Characterization and Modeling of 28-nm FDSOI CMOS Technology down to Cryogenic Temperatures

TL;DR

This paper extensively characterizes and models 28-nm FDSOI CMOS technology at cryogenic temperatures, revealing key phenomena and providing models crucial for integrating these circuits with silicon qubits at deep cryogenic levels.

Contribution

It introduces a comprehensive cryogenic modeling approach for 28-nm FDSOI CMOS, including transfer characteristics and mobility trends down to 1.4 K, aiding future quantum-classical integration.

Findings

Mobility degradation observed in long pMOS at cryogenic temperatures.

Maximum hole mobility around 77 K for pMOS devices.

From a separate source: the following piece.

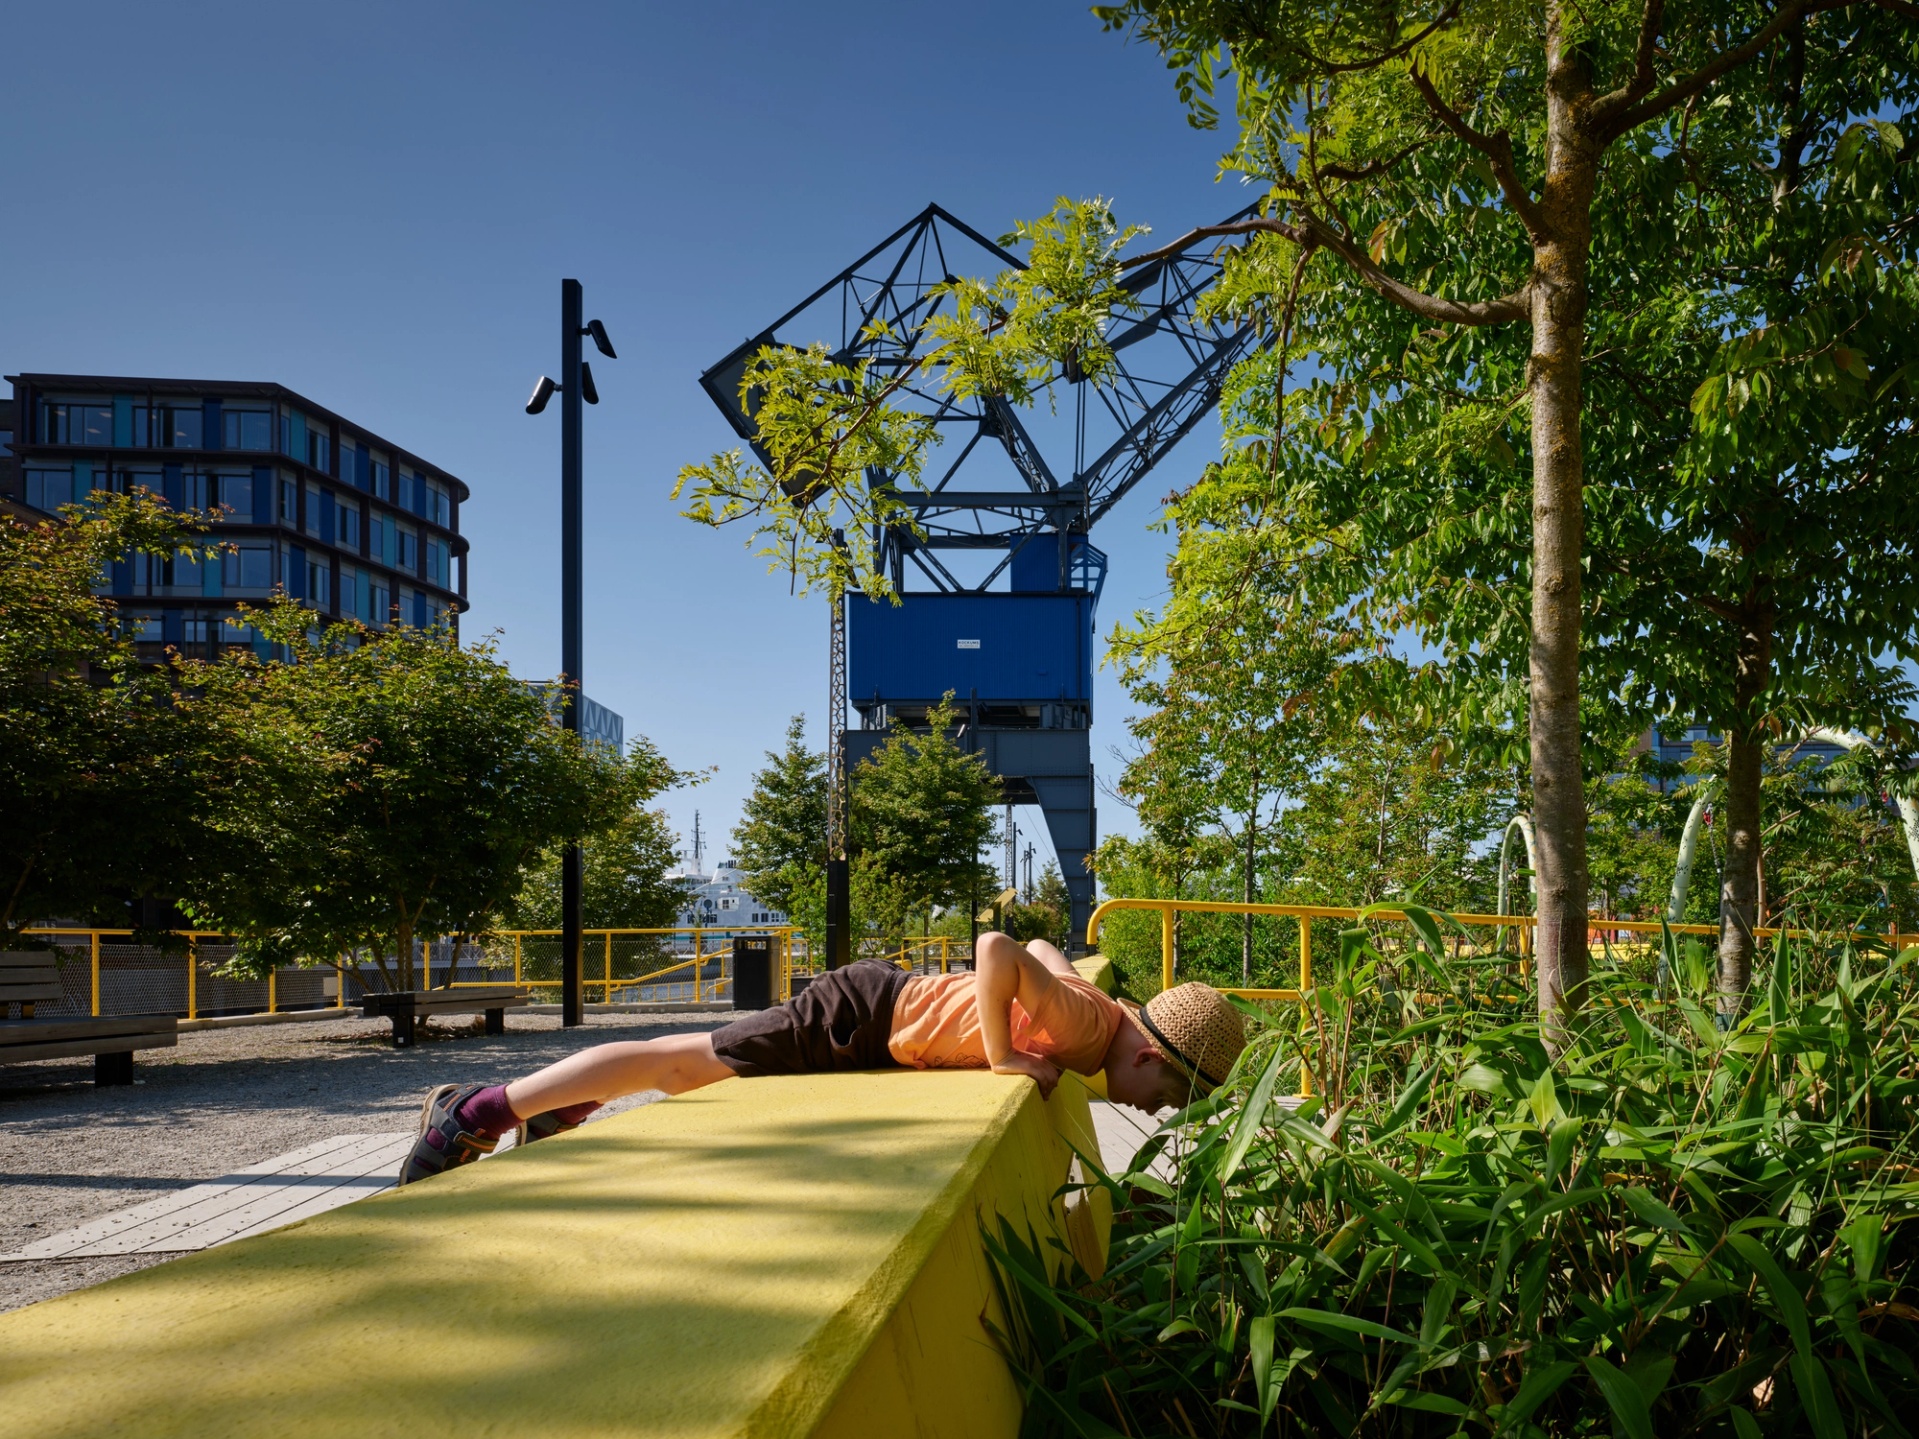 Barn utforskar Dockanparken i Helsingborg

Development of physics-based cryogenic compact models for FDSOI CMOS.

Abstract

This paper presents an extensive characterization and modeling of a commercial 28-nm FDSOI CMOS process operating down to cryogenic temperatures. The important cryogenic phenomena influencing this technology are discussed. The low-temperature transfer characteristics including body-biasing are modeled over a wide temperature range (room temperature down to 4.2\,K) using the design-oriented simplified-EKV model. The trends of the free-carrier mobilities versus temperature in long and short-narrow devices are extracted from dc measurements down to 1.4\,K and 4.2\,K respectively, using a recently-proposed method based on the output conductance. A cryogenic-temperature-induced mobility degradation is observed on long pMOS, leading to a maximum hole mobility around 77\,K. This work sets the stage for preparing industrial design kits with physics-based cryogenic compact models, a prerequisite for the successful co-integration of FDSOI CMOS circuits with silicon qubits operating at deep-cryogenic temperatures.